Jest pierwszy efekt waszego wtorkowego oświadczenia. Kamil Wenger poinformował: „Podjęte zostały przeze mnie kroki prawne wobec zniesławienia mnie przez zarząd Hutnika”. Co pan na to?

Artur Trębacz, prezes Hutnika Kraków: - Ja mogę powiedzieć tylko, że Kamil po prostu źle odczytał sens naszego oświadczenia. Bo to, że my zawiesiliśmy Kamila i rozwiązaliśmy kontrakt za porozumieniem stron to jest jedna sprawa. Natomiast osobną kwestią jest to, że chcemy oczyścić sytuację wokół klubu - też w interesie zawodników, bo to oni byli przede wszystkim posądzani przez naszych kibiców i przez opinię publiczną o to, że mecz z Kotwicą, czy też poprzedni z Lechem II, mógł być nieczysty. Chcemy być klubem transparentnym i czystym. I chodzi tylko i wyłącznie o oczyszczenie samych zawodników i też całego klubu, żeby nikt nas nigdy nie podejrzewał o jakieś niecne rzeczy w tych meczach. A obydwa mecze skończyły się bardzo dziwnie, są ewenementem w skali już nawet nie tylko Polski, ale i świata. Tym bardziej uważam, że trzeba podejść do tematu transparentnie i sprawę rozebrać na czynniki pierwsze.

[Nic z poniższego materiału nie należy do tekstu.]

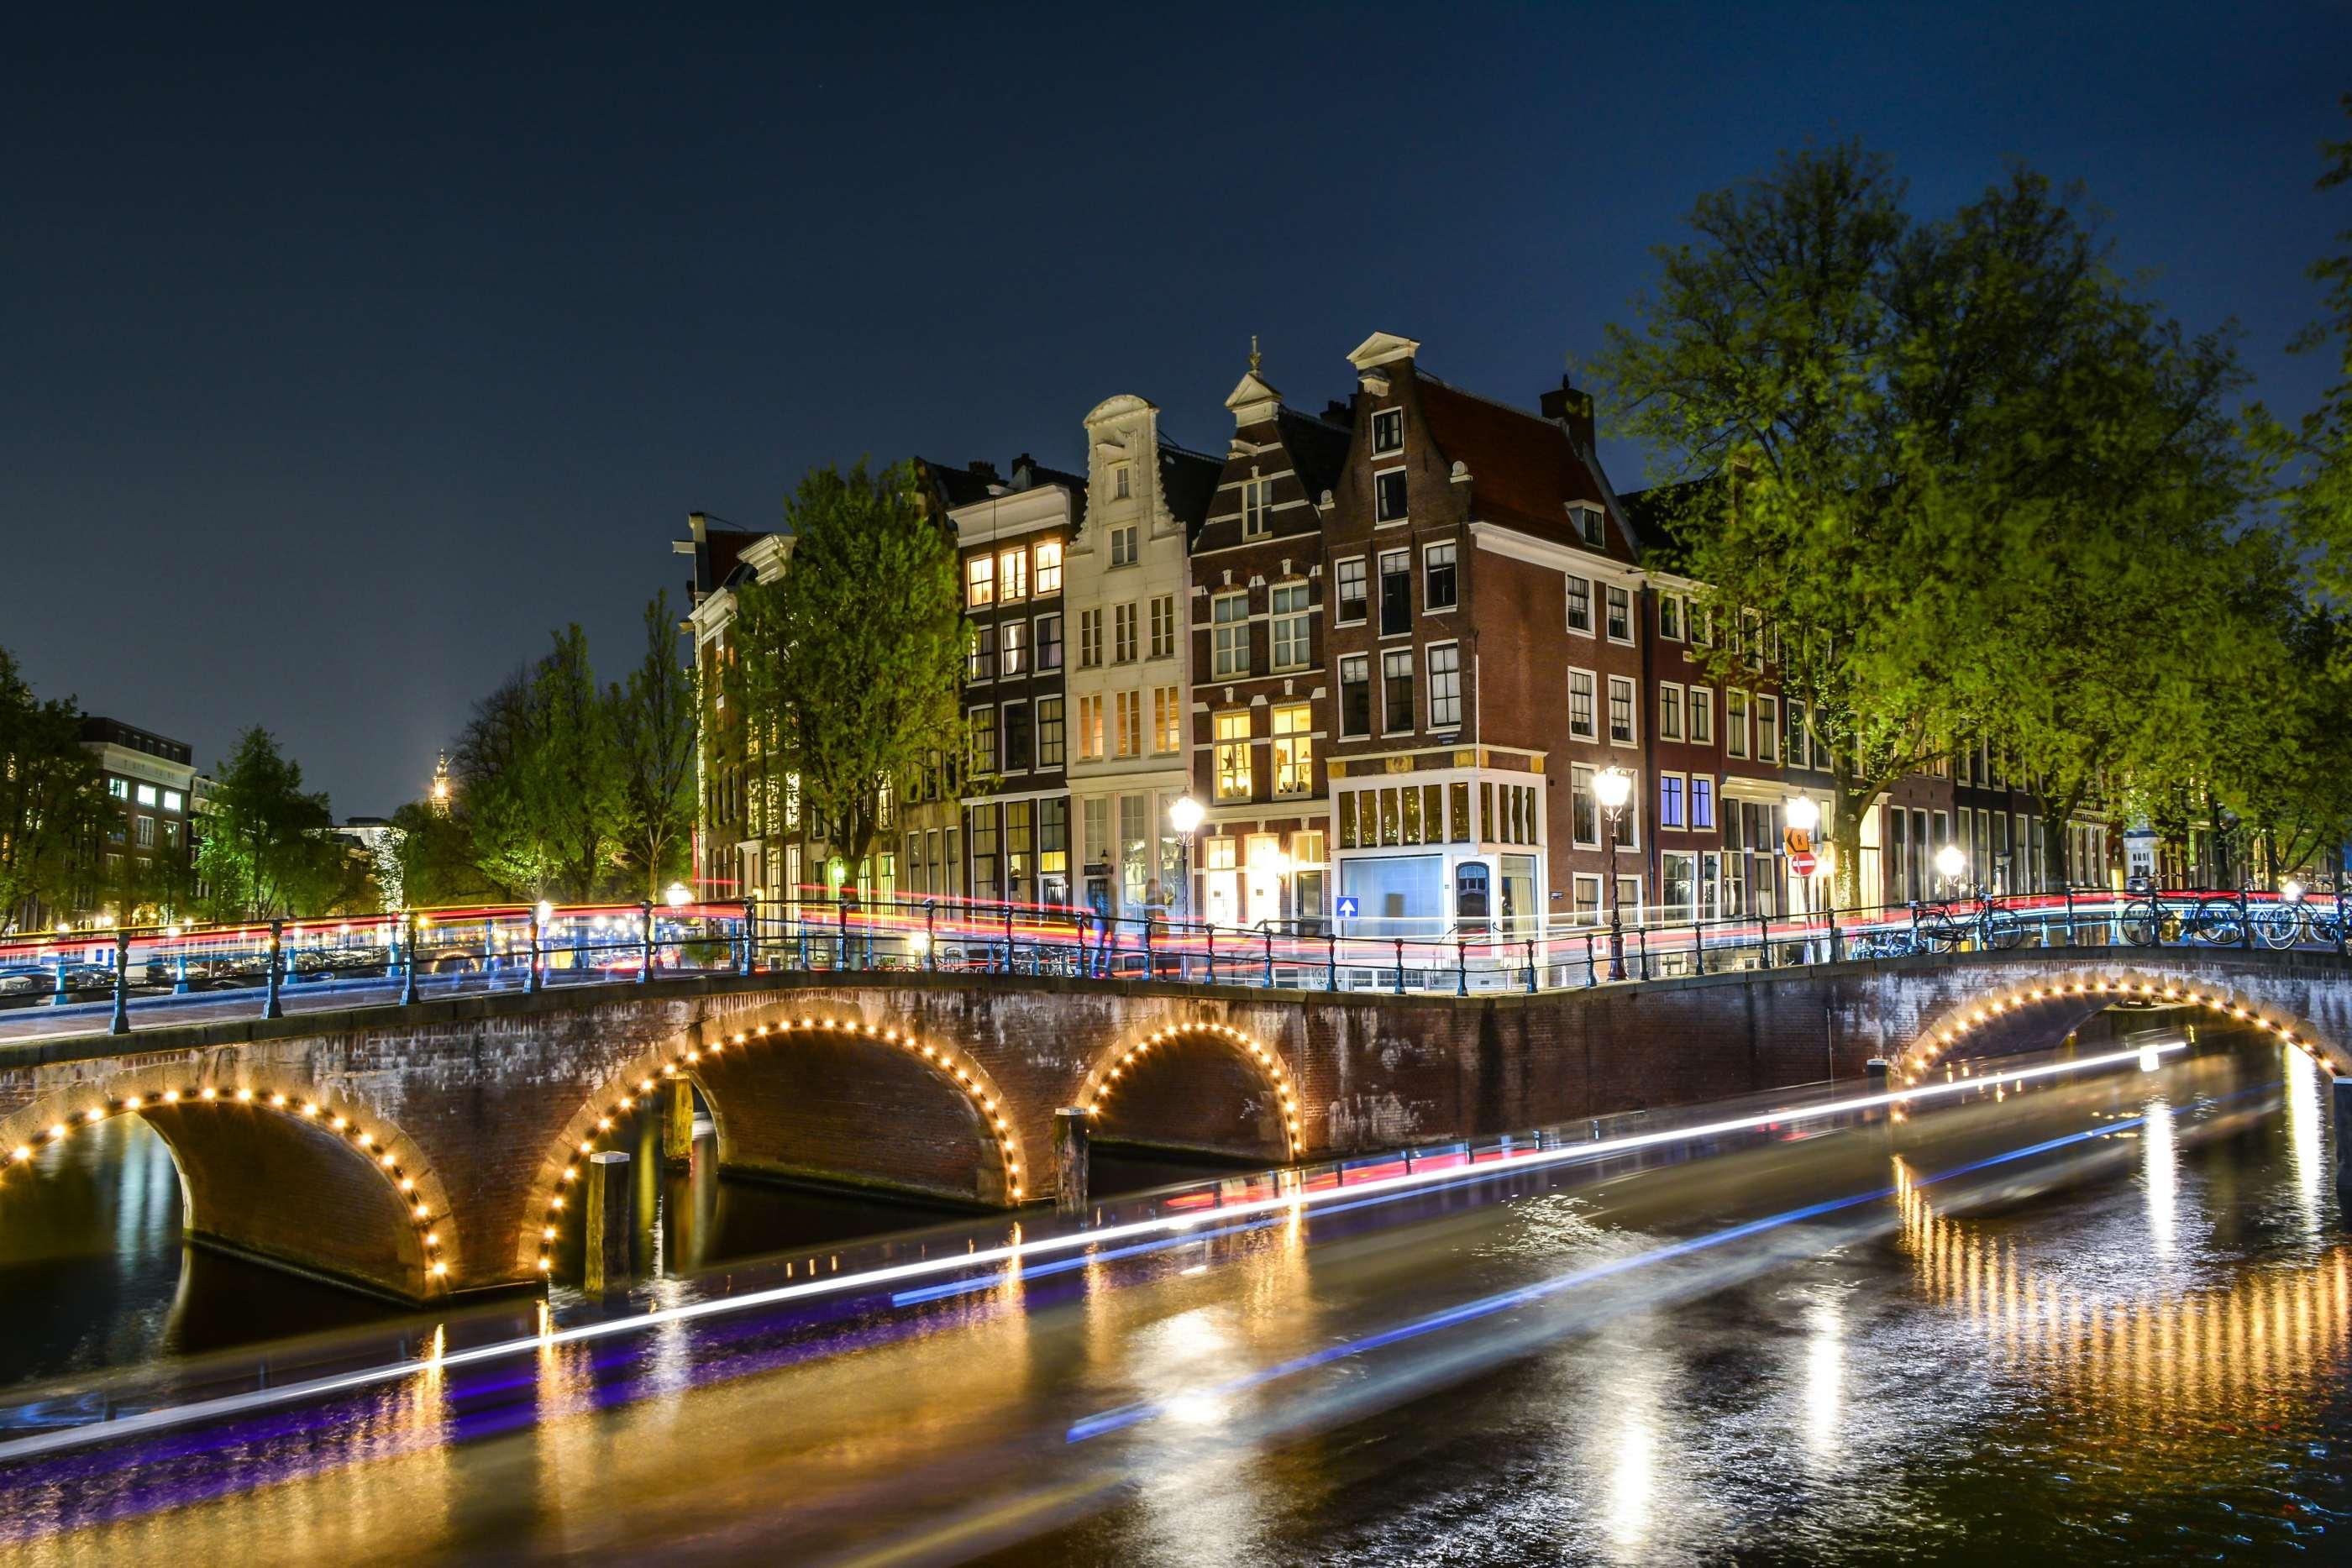 Amsterdam, Raphael Nogueira, CC0 unsplash

W waszym pierwszym wtorkowym oświadczeniu informujecie o zawieszeniu w prawach zawodnika Kamila Wengera i Dawida Kubowicza, a w kolejnym punkcie o podejrzeniu dotyczącym match-fixingu w dwóch ostatnich meczach Hutnika. Można to tak odczytać, że akurat z tymi dwoma zawodnikami kojarzycie to podejrzenie.

Z drugiej strony, gdybyśmy podejrzewali tych zawodników i mieli na to jakieś dowody, czy wręcz byśmy w ogóle zakładali, że zadziałali na szkodę, to nie rozwiązywalibyśmy umowy za porozumieniem. Wiadomo, że wtedy oparłoby się o rozwiązania dyscyplinarne. Mówimy o interpretacji komunikatu. Został odebrany tak, jak został, dlatego pojawił się drugi komunikat – po to, żeby jasno pokazać, jakie są zamiary takiego a nie innego postępowania ze strony klubu.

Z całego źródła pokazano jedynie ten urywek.